Aimia can now answer those ‘why’ questions through its new Intelligent Research division. Working with SSI, Aimia has built a panel of Nectar customers through which it can link real purchase data to attitudinal statements collected via surveys and other forms of direct research. It’s launching in the UK first, but in time the company plans to replicate the approach internationally.

A natural extension

A big data company getting in to survey research might seem an unusual route to take, but Buckingham sees it as “a natural extension of our core activity”. “Helping our customers build their customer relationships is made a heck of a lot easier by having our own in-house research function because we can actually get under the skin of behaviour which is not always evident to the eye, even from the vast wealth of data that we hold,” says Buckingham. “We’re in a situation where we can tell exactly what’s happening and why people are doing it. For a retailer or brand owner, that’s gold dust.”

He gives the example of an FMCG company planning to launch a new product. “It can be quite difficult and expensive to find your target customer group through traditional research methods,” says Buckingham, “but with the millions of people whose shopping habits we understand, we can quickly see which customers fall into which purchasing groups. From that we can see how many are on our panel and are eligible to take part in market research. It’s then reasonably straightforward for us to target those people with an online survey pre-launch, and to follow it up post-launch.”

If this helps improve the new product failure rate by only a few percentage points, Buckingham says, it will still be “a massive win” for FMCG manufacturers and retailers. But the strength of the approach – the fusing of big data sets to survey data – goes beyond product launches and customer segmentations.

Working with other third-party data providers, Buckingham says it is possible to link purchase data to media exposure data. Compare the purchase behaviour of those who saw a web, TV or magazine ad, say, with a control group of those who didn’t, and that allows you to determine “a true return on advertising investment,
which is very valuable to brand owners and media agencies alike”.

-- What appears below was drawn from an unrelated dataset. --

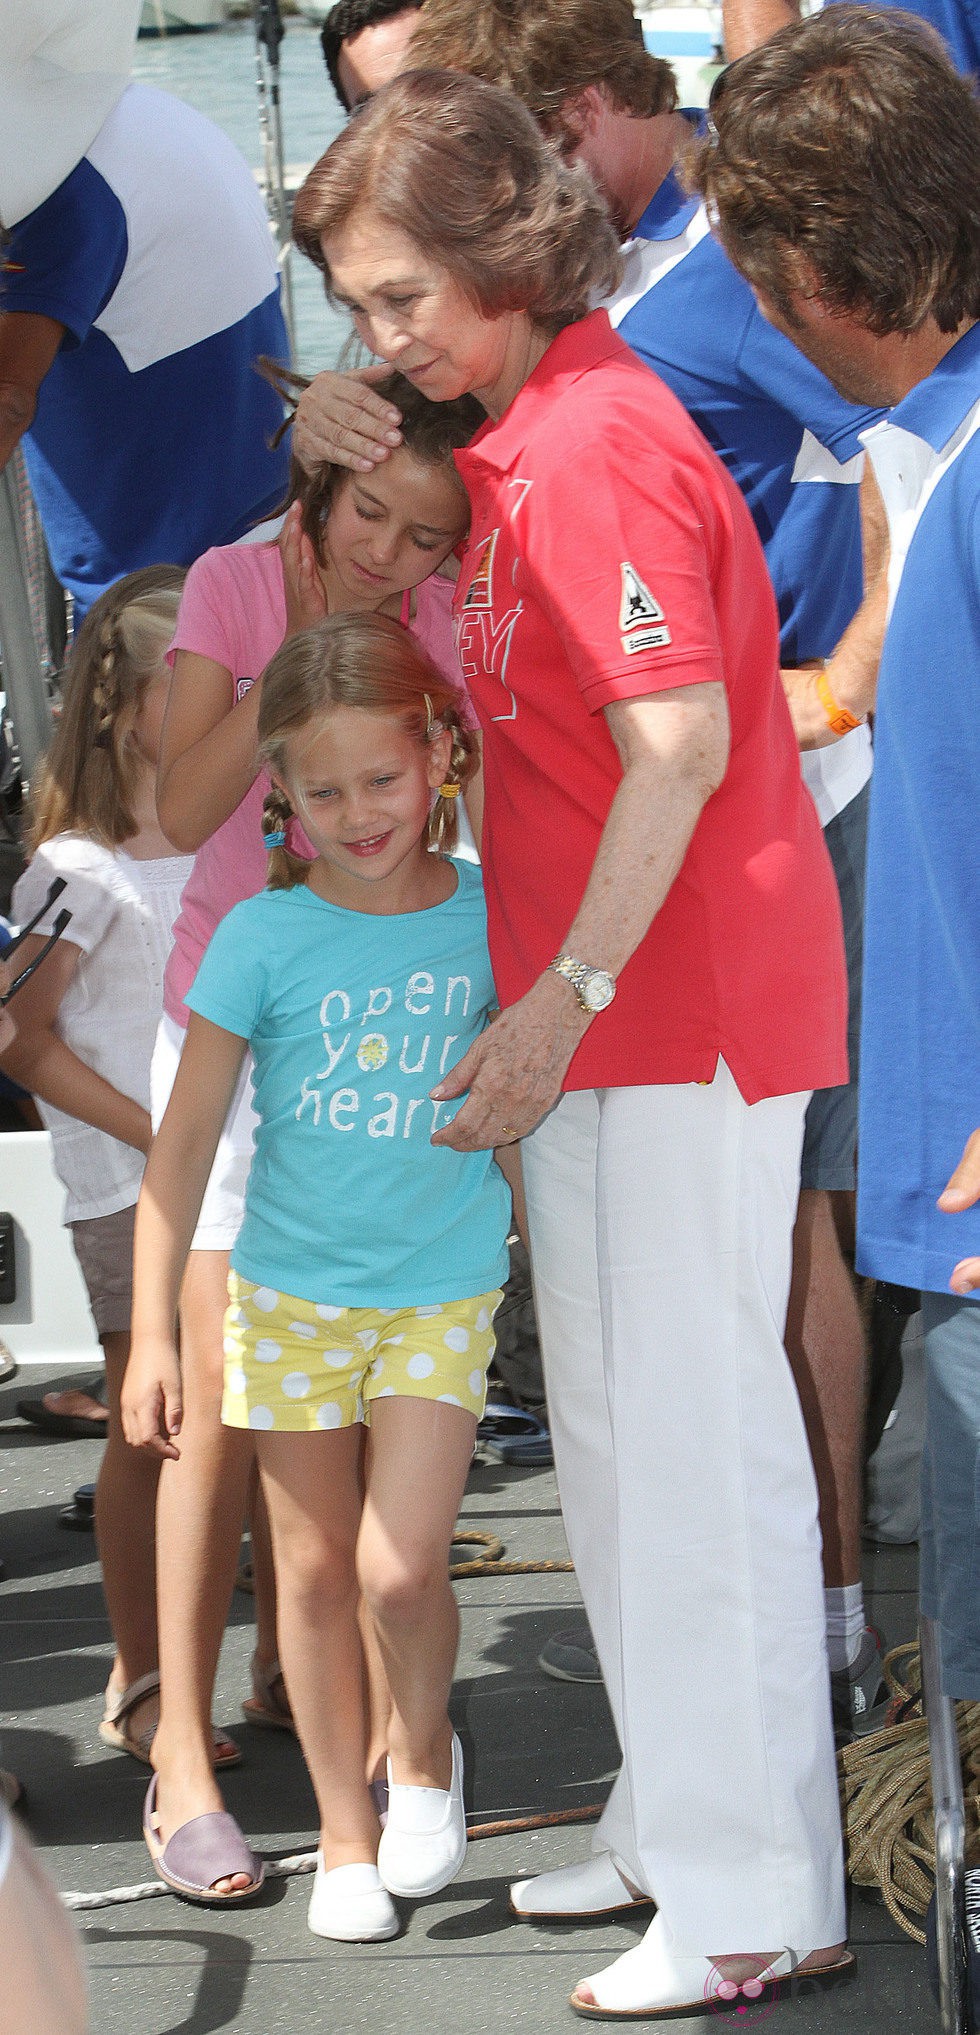 La Reina, Victoria Federica e Irene Urdangarín en el segundo día de regatas 2011

  • Editor’s note: Since this feature was written, David Buckingham has become chief executive of Insight 2 Communication, a joint venture between Aimia and Sainsbury’s to use Nectar data to design and implement marketing programmes for FMCG suppliers.

1 Comment

12 years ago

While, I like the "oil" analogy - refining it from something crude into something of higher value - in essence oil derives its value from its scarcity, whereas (if anything) we have a surfeit of data.